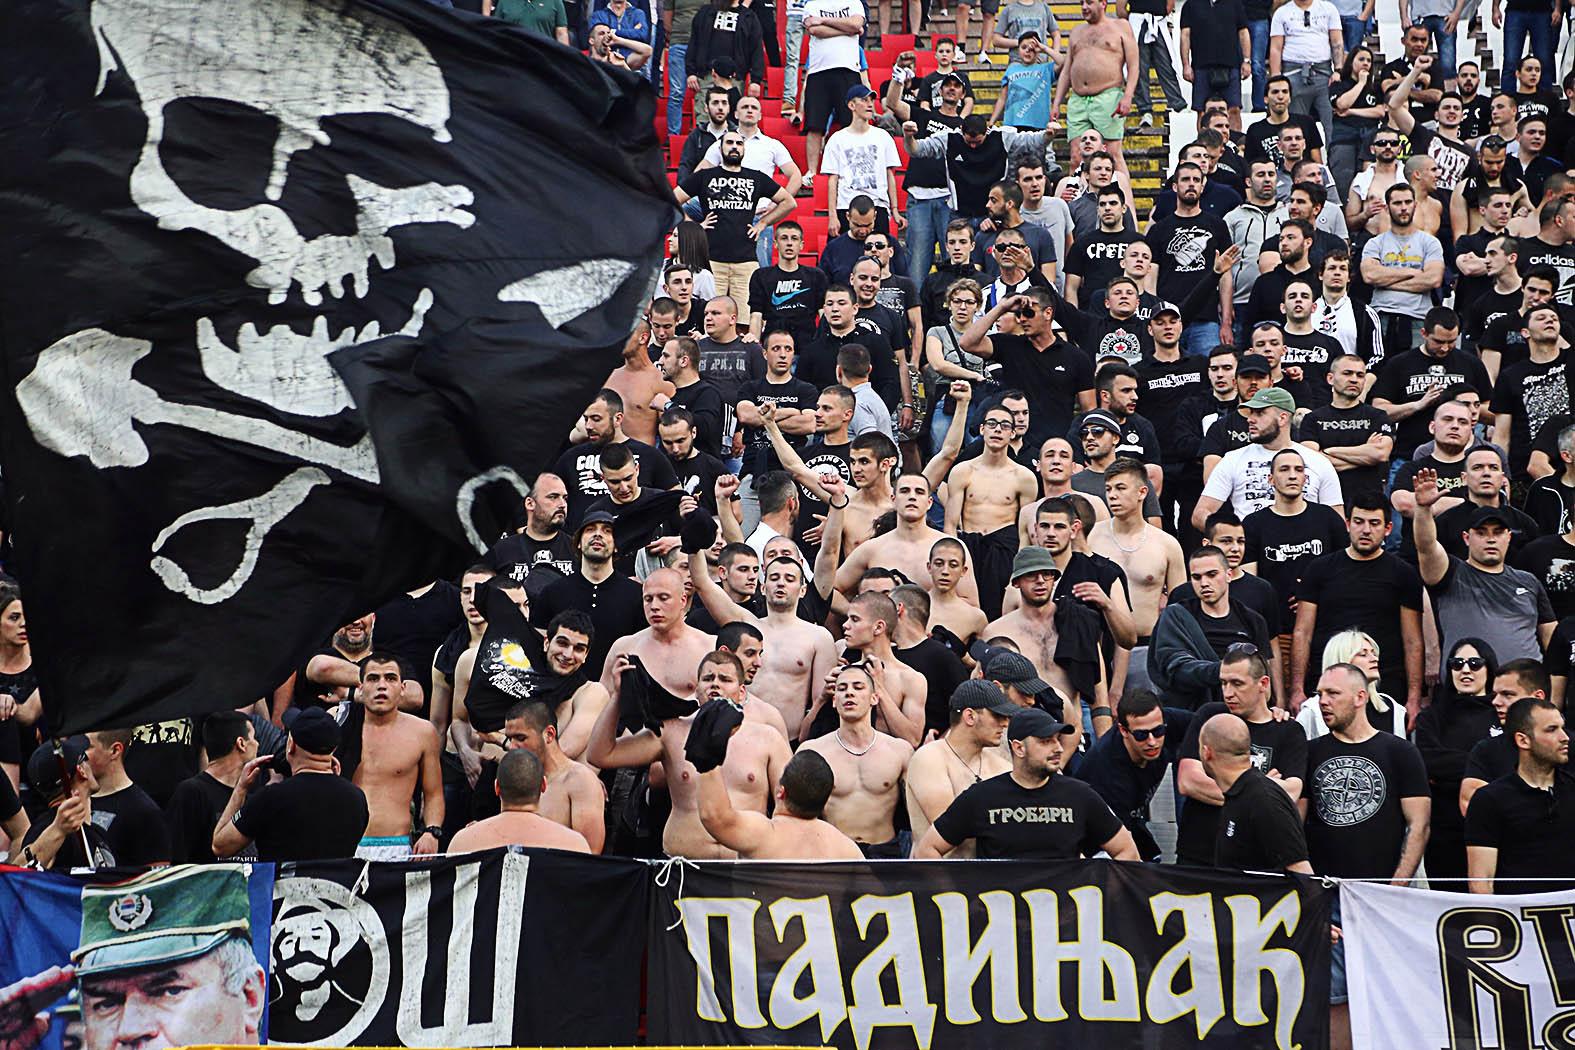 """""""A védelem miatt ezen csoportok, főként a két nagy rivális (a már említett Partizán és Czvena Zvezda) csapat keménymagjai fokozatosan intézményesültek, státuszukat hivatalossá téve a nagy sportklubok őrző-védő cégeivé váltak"""" #moszkvater"""
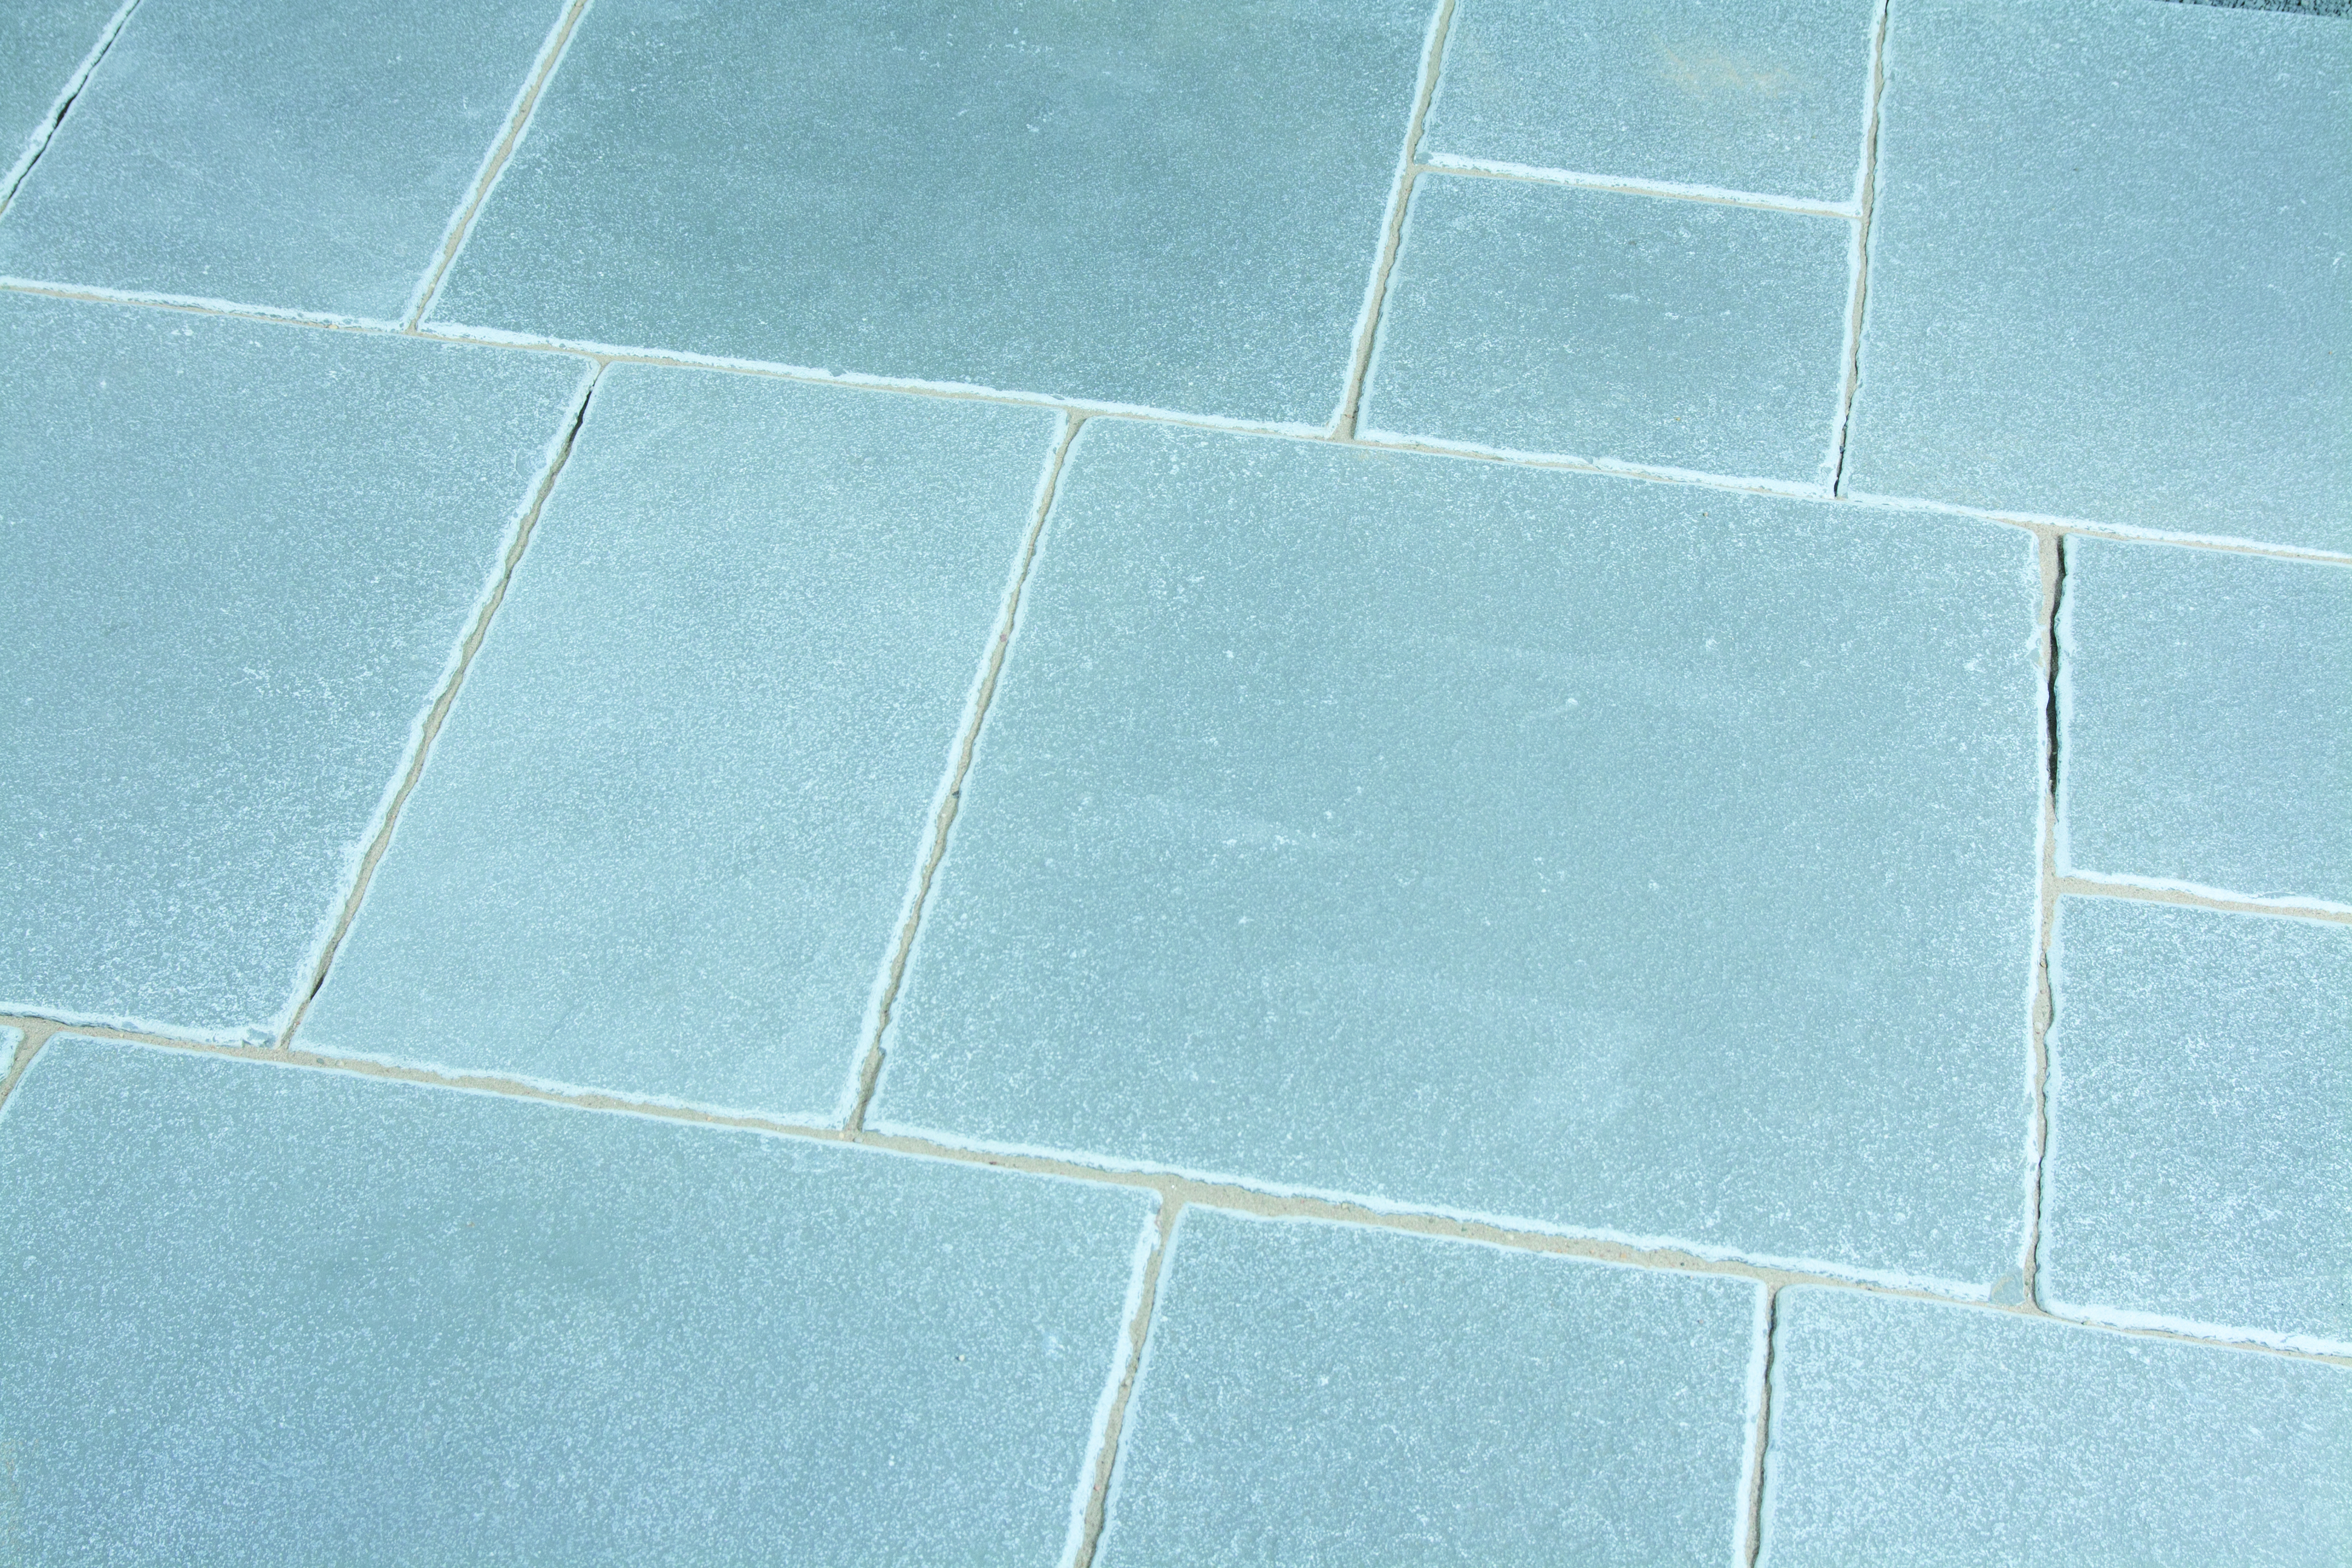 Marrakesch 60x30x3cm grau blau
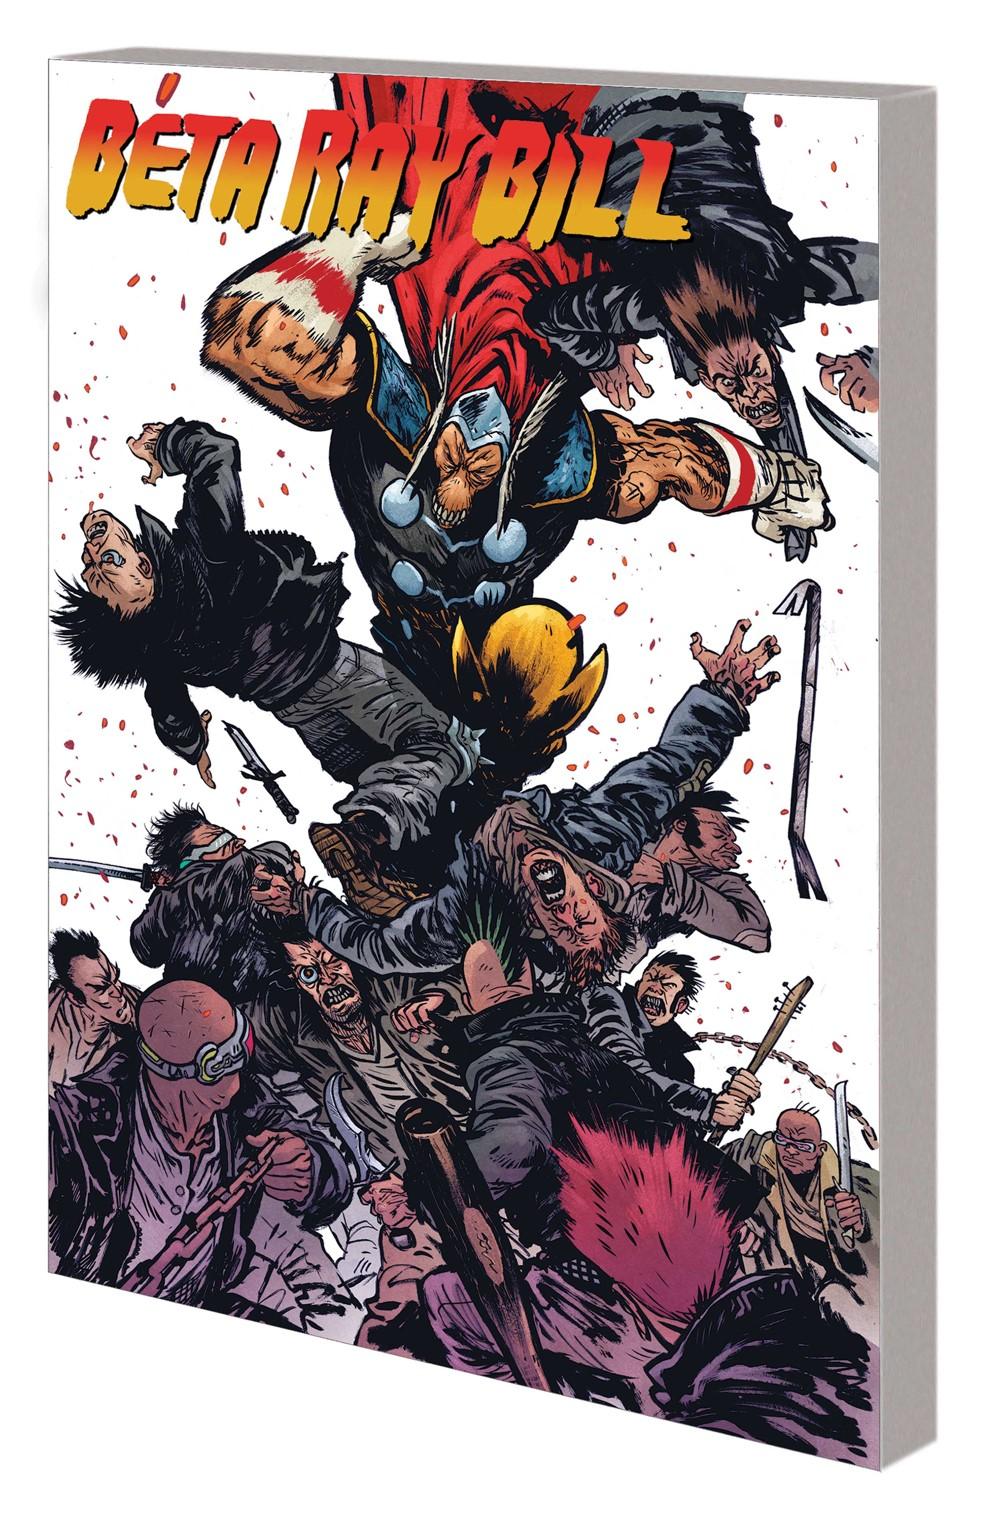 BETA_RAY_BILL_AS_TPB Marvel Comics September 2021 Solicitations
----
**WORK ORDER**
An exact, picture-free copy of the listing above is the goal; write it out now.

**ANSWER SPACE**
 """""""A védelem miatt ezen csoportok, főként a két nagy rivális (a már említett Partizán és Czvena Zvezda) csapat keménymagjai fokozatosan intézményesültek, státuszukat hivatalossá téve a nagy sportklubok őrző-védő cégeivé váltak"""" #moszkvater"""
 Marrakesch 60x30x3cm grau blau
 BETA_RAY_BILL_AS_TPB Marvel Comics September 2021 Solicitations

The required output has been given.